As someone who comes from the land of single threadedness, I have been playing around with multi-threaded examples in my spare time to grow my understanding and uncover my assumptions about multi-threaded environments. One such experiment is a cache for CompletableFutures. If I just use ConcurrentHashMap#computeIfAbsent, my machine can run one billion iterations of a simple completable future in about 22 seconds. However, the moment I add eviction logic, that time increases to about 36 minutes. Is there any way I can make the following more efficient?

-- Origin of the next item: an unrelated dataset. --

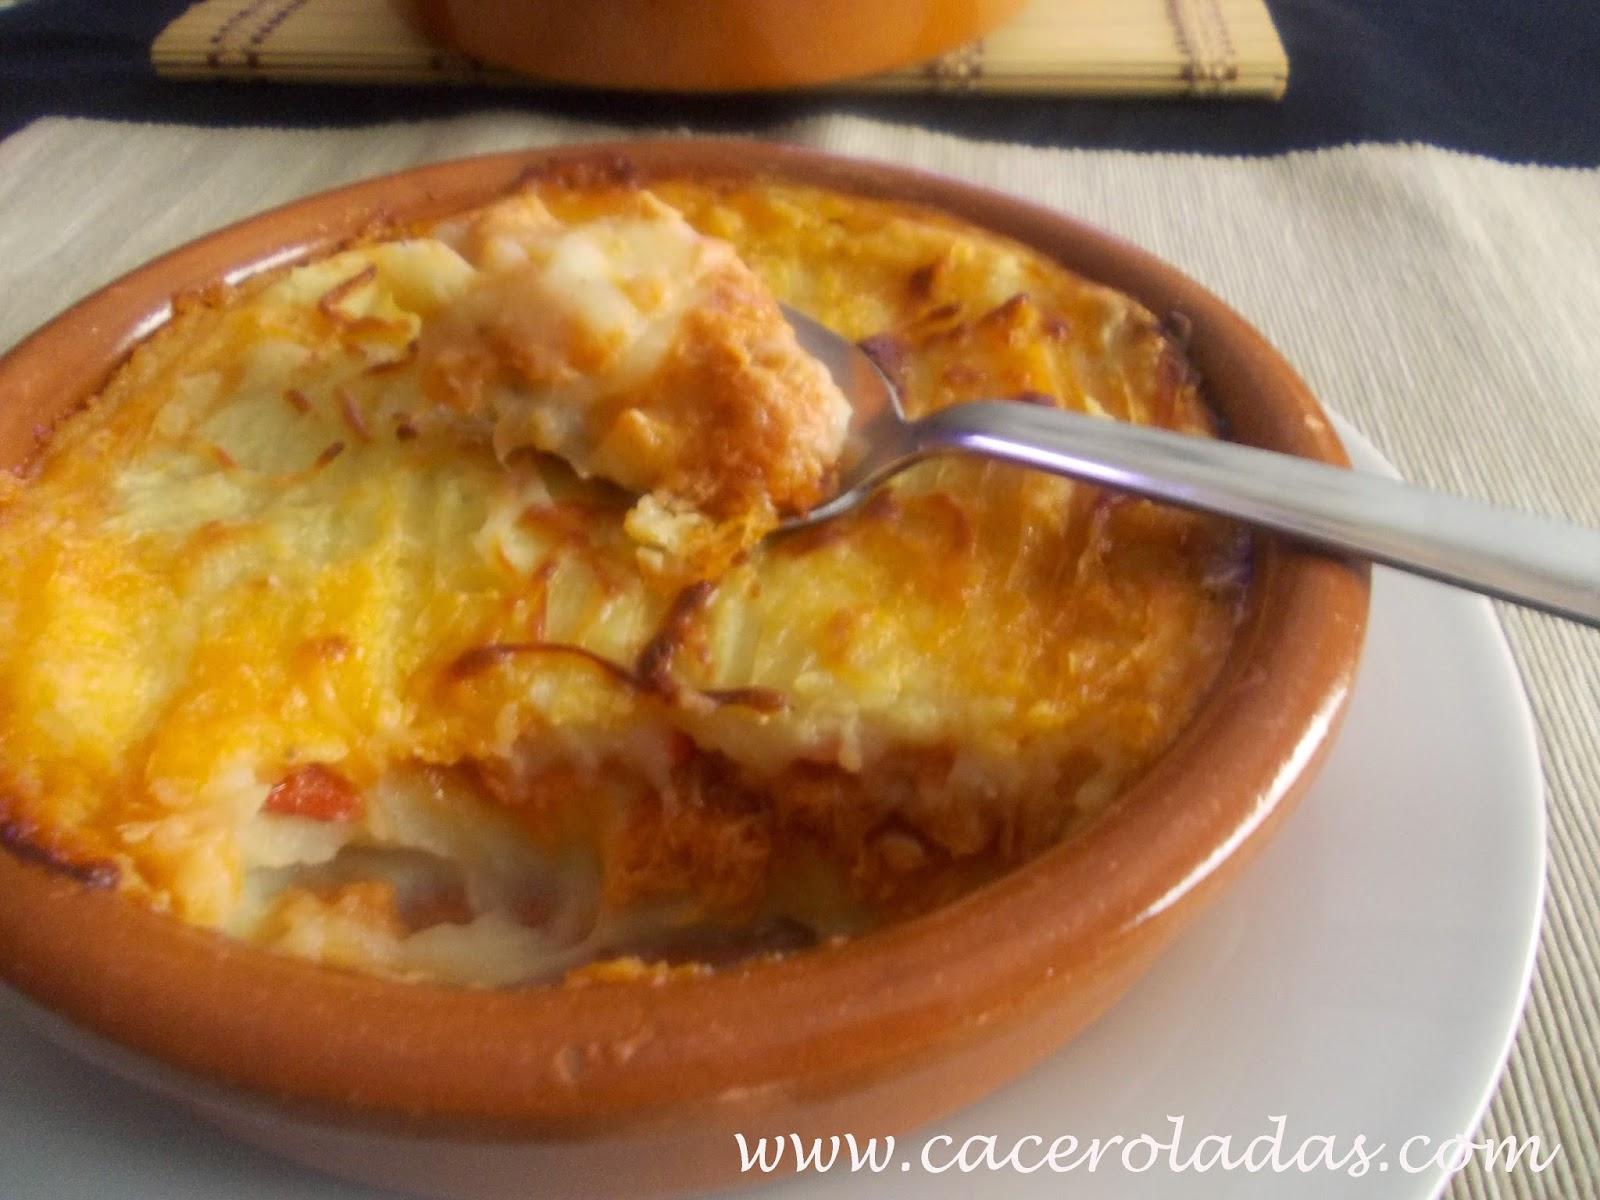 Caceroladas gratinado de patatas y at n - Gratinado de patata ...
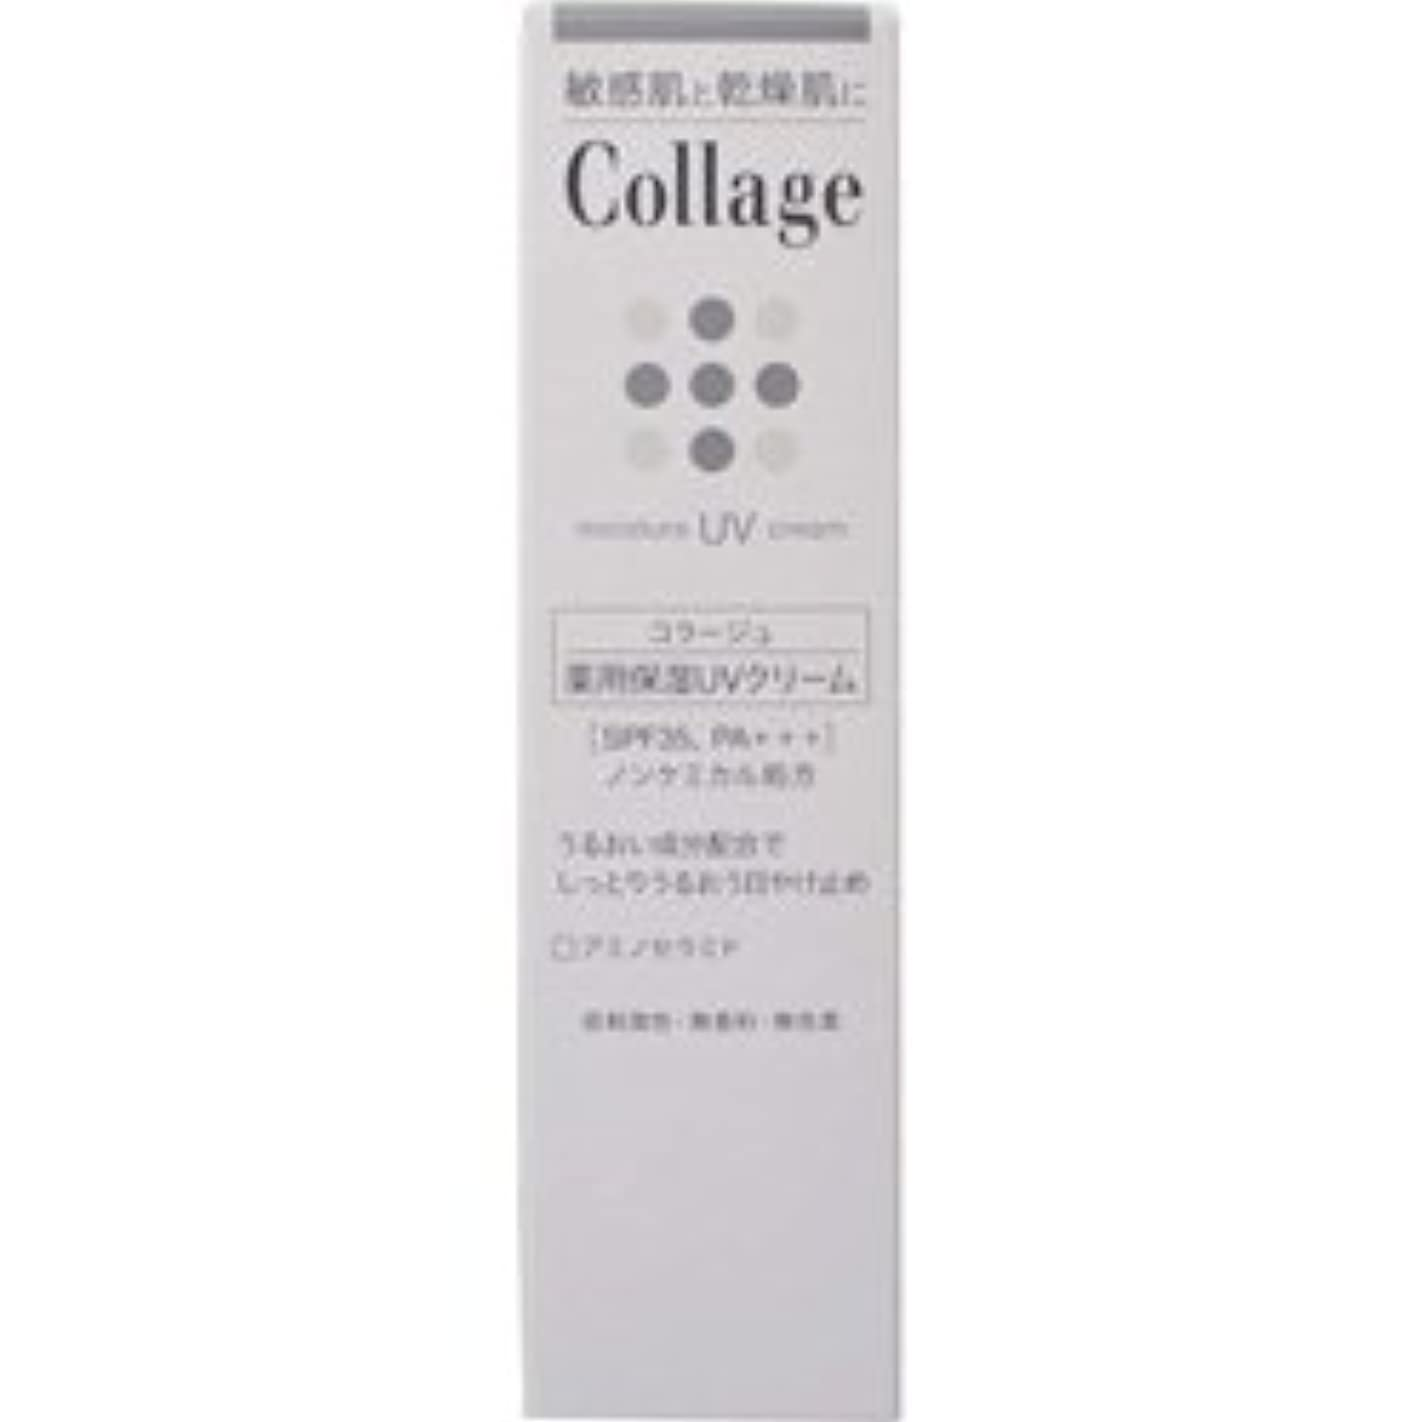 団結痛い放棄【持田ヘルスケア】 コラージュ薬用保湿UVクリーム 30g (医薬部外品) ×3個セット

As far as I can tell, synchronization is required for this logic, so I’m not sure that it can be improved (at least not by much):

public CompletableFuture<T> removeIfExpired(String key) {
	synchronized(cache) {
		CacheEntry<T> cached = cache.get(key);
		if (cached == null || cached.getExpiresInMs() == null) {
			return null;
		}

		if (Duration.between(cached.getCreatedAt(), Instant.now()).toMillis() >= cached.getExpiresInMs()) {
			CacheEntry<T> removed = cache.remove(key);
			if (removed != cached) {
				throw new IllegalStateException("Concurrency error: item removed from cache not the original item checked for expiration.");
			}
			return removed.getValue();
		}

		return null;
	}
}

hiredman20:04:55

If you use the version of remove that takes a key and value then I don't believe you need the synchronize block

hiredman20:04:48

But it may just be that when you add eviction so you have to recompute things that have been evicted it takes longer

mjw22:04:53

Oh! Thanks! I’d missed that particular overload when looking at the java docs. You’re right that eviction just adds to the time, but with remove(key, value), that time is reduced from 36min for a billion records to 75 seconds (on my machine).